GSD's can have spots of white 

Really cute pup! :wub:


----------



## Bella67 (Jun 22, 2014)

Chloe had some white on her when she was a puppy but it went away as she grew older.


----------



## marreromcp (Oct 15, 2014)

White is normal on a GSD... Mine has a bit of white on chest. Also, puppys coats change big time as they start to get older. My pup was almost all black but started getting the nice sable after 4 months.  

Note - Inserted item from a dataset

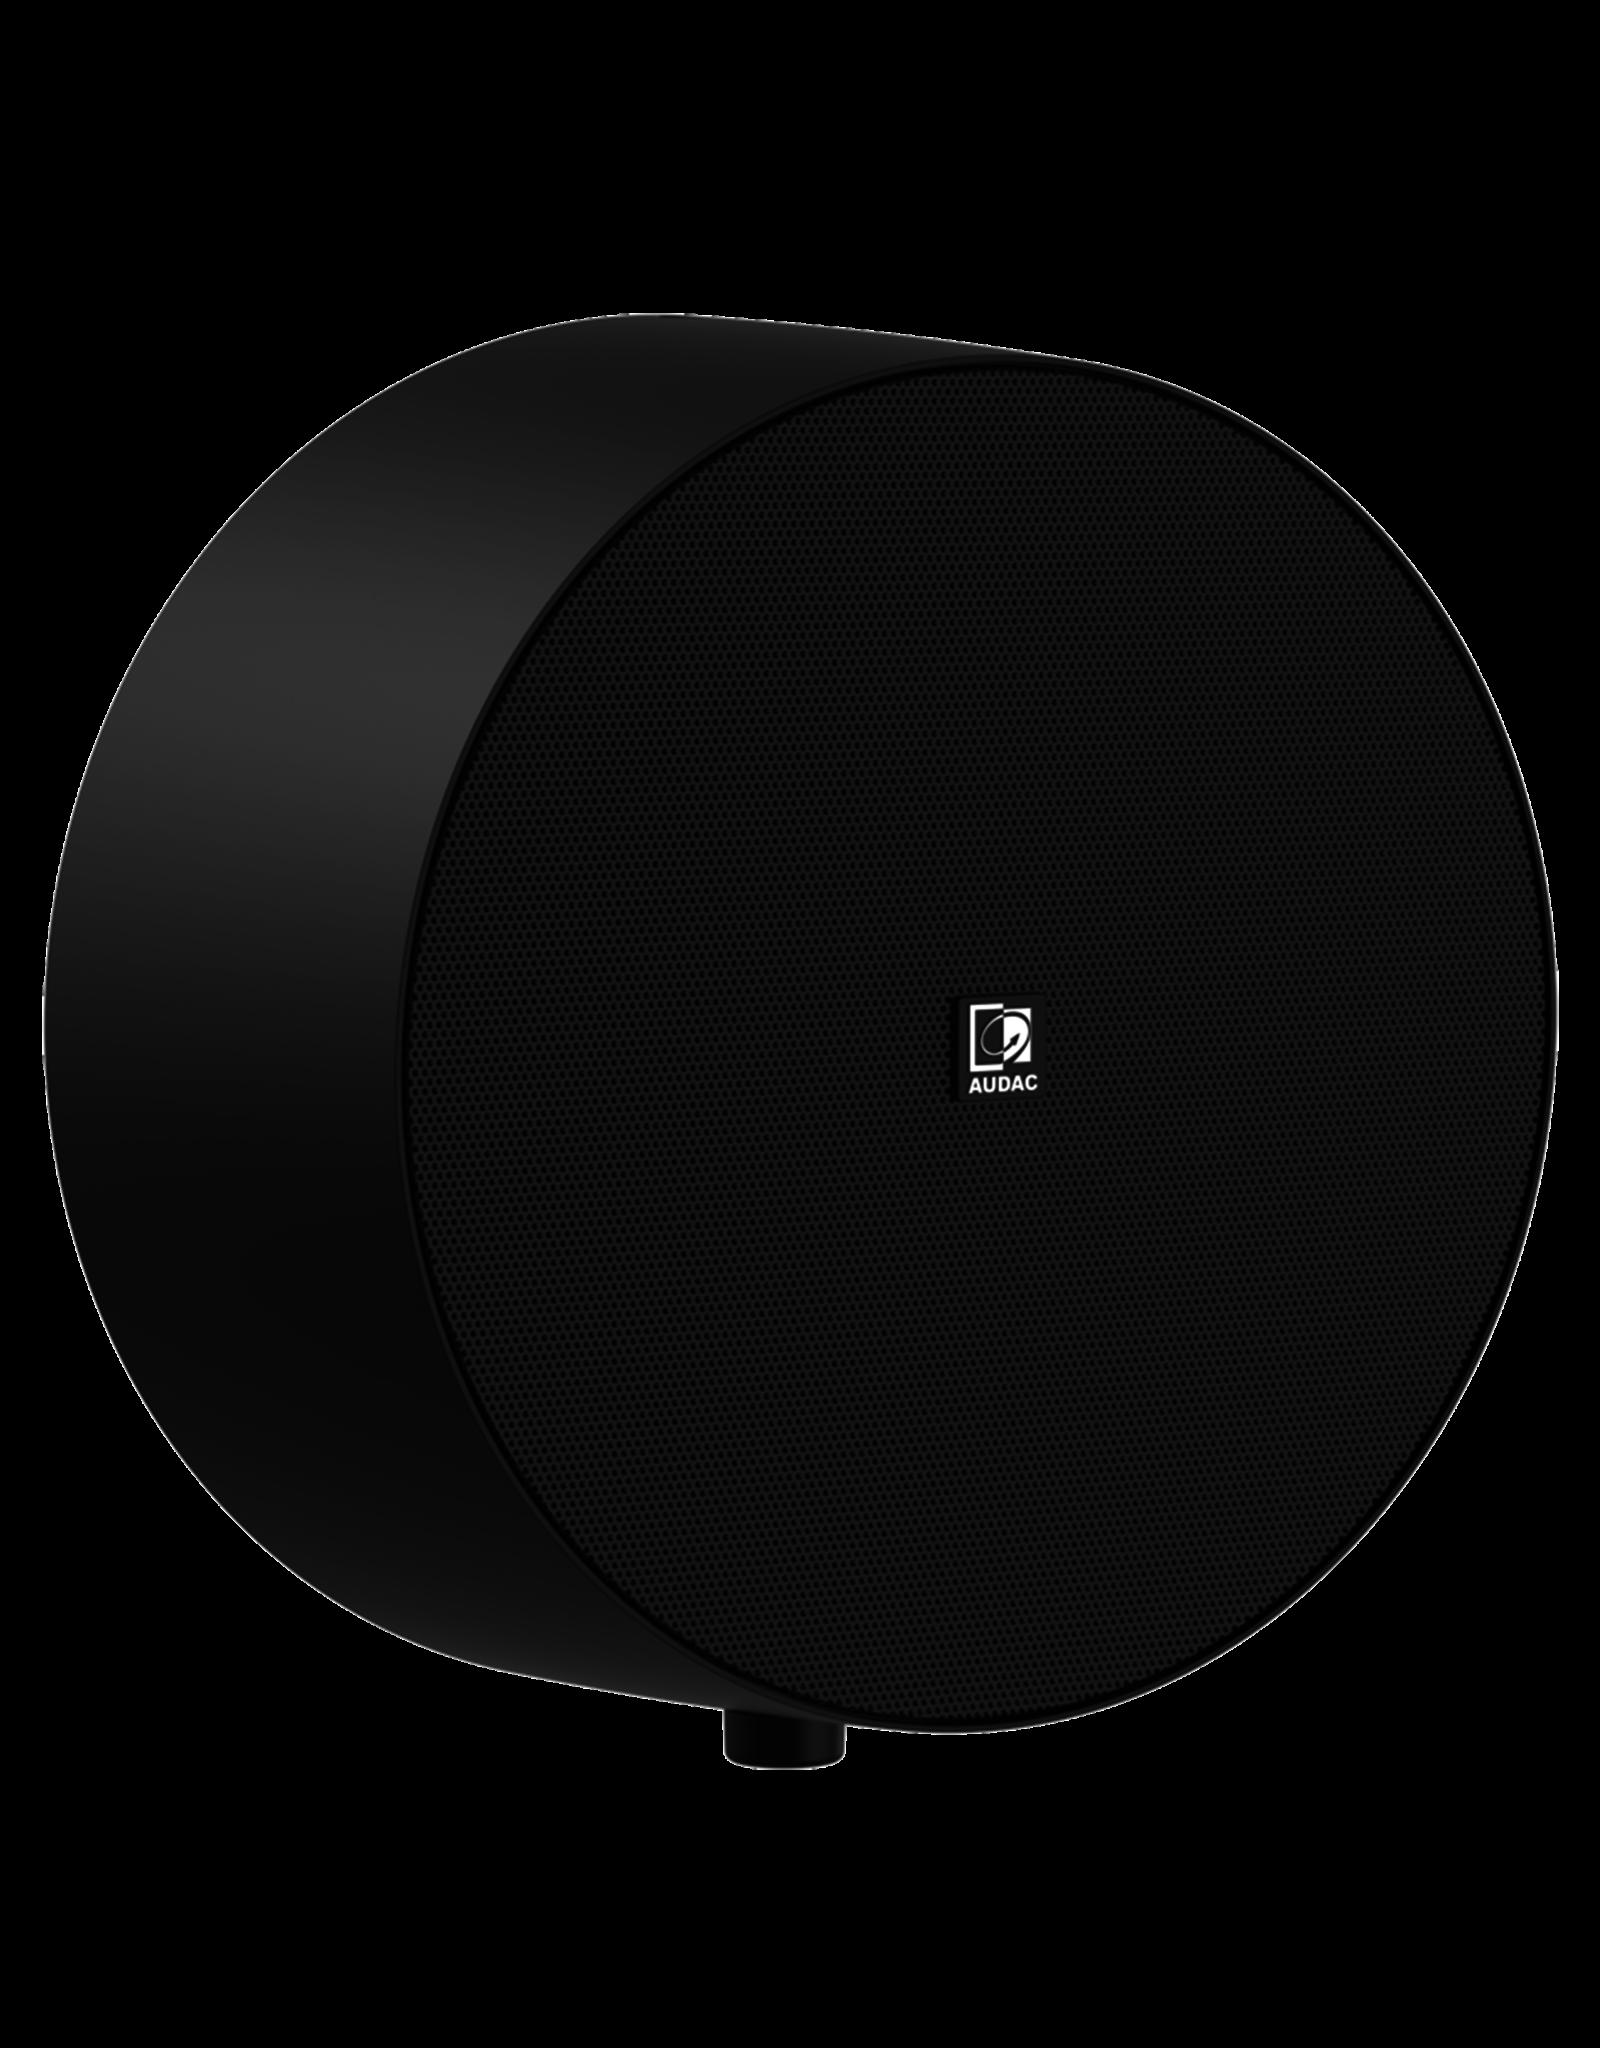 Audac Surface mount speaker Black version with volume controller
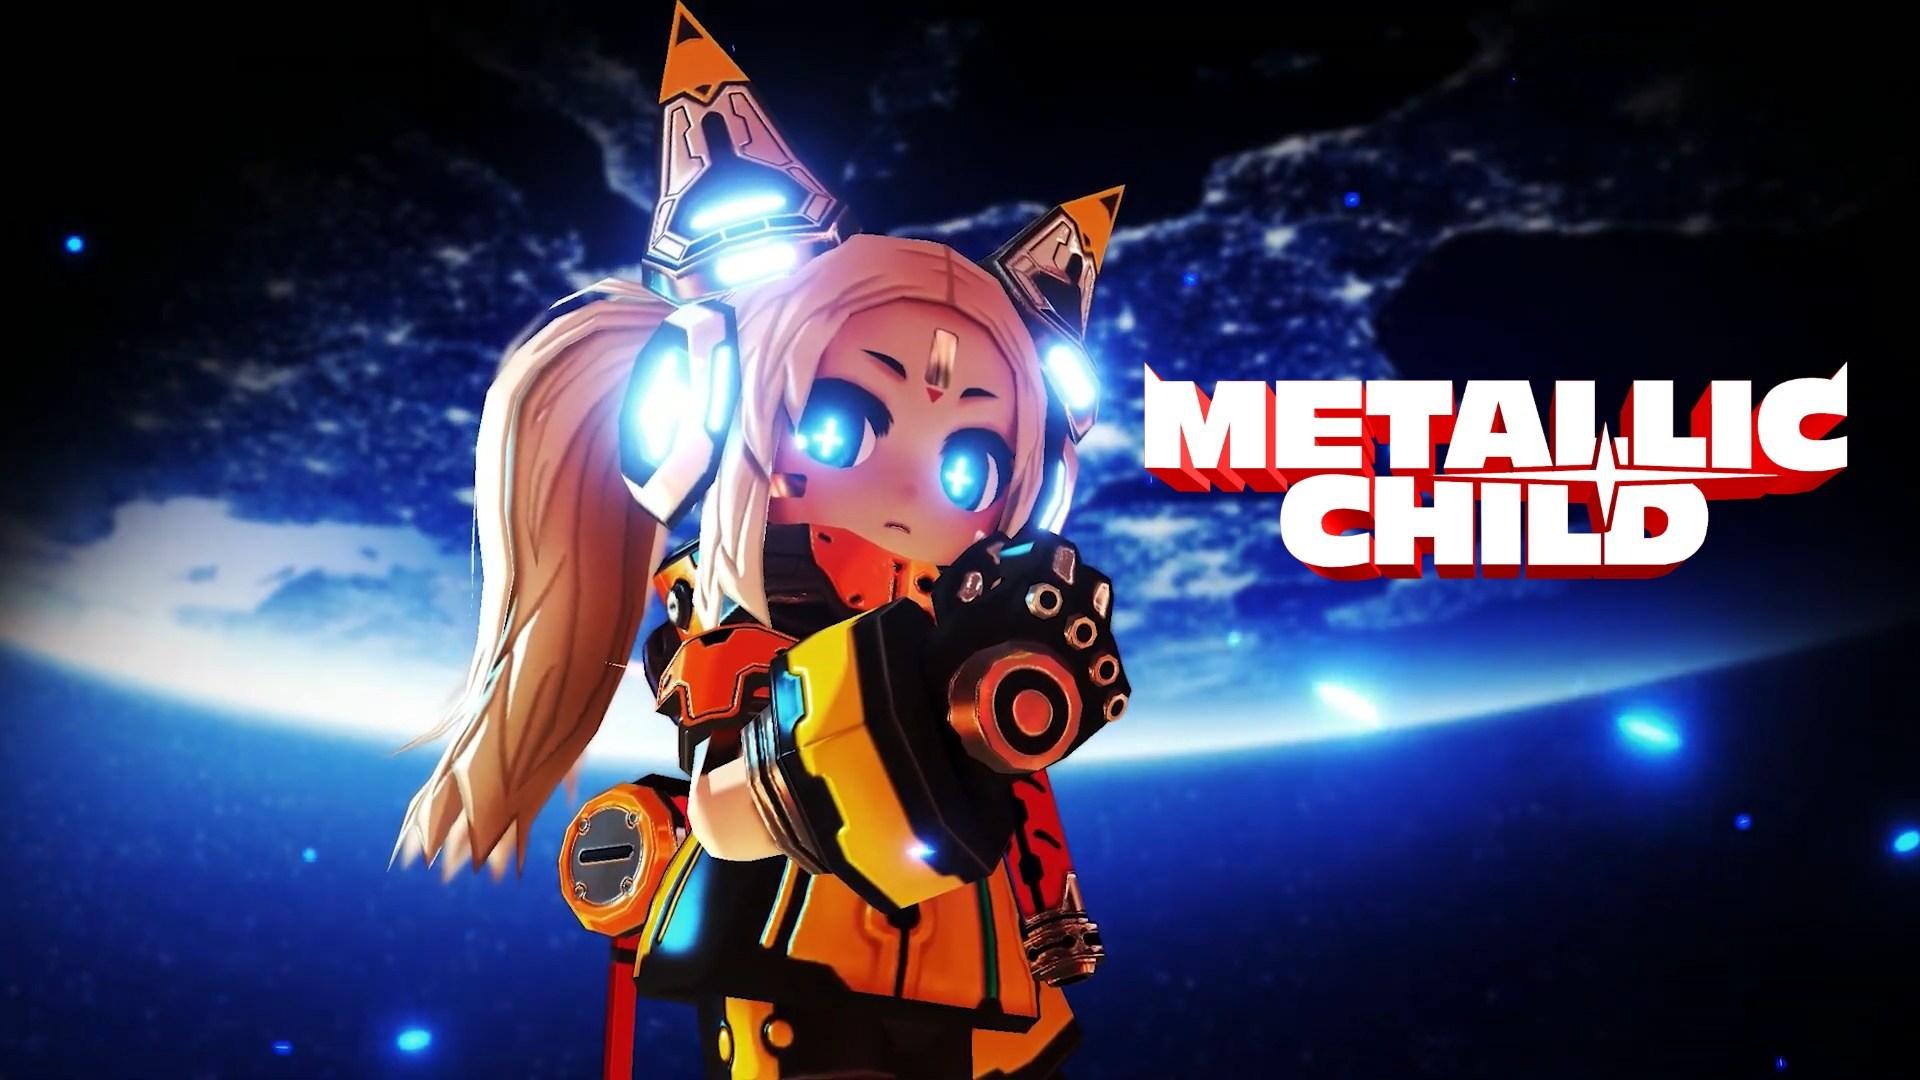 Metallic Child 2392020 1

Looks like a medium length coat. 



isabelm said:


> I got Thomas Jefferson (TJ) off of craigslist (I know, I know) from a woman who claimed her two dogs accidentally made a litter of puppies. Dad was GSD, mom was a black lab. She showed pictures of the parents and I believed her. Not saying she was lying, but I'm now wondering if TJ truly is a GSD/lab mix puppy? He has white hair on his chest, which neither GSD or labs have? I don't really mind what breeds he has mixed into him...just wondering if anyone has insight! Here he is at about 9 1/2 weeks old...
> 
> ALSO, any idea what his length of coat will be? Thanks!


----------



## Cschmidt88 (Nov 24, 2010)

Yup! Definitely can show the white  My boy is a GSD/Lab cross as well and he has white markings on his toes/forehead/tail.


----------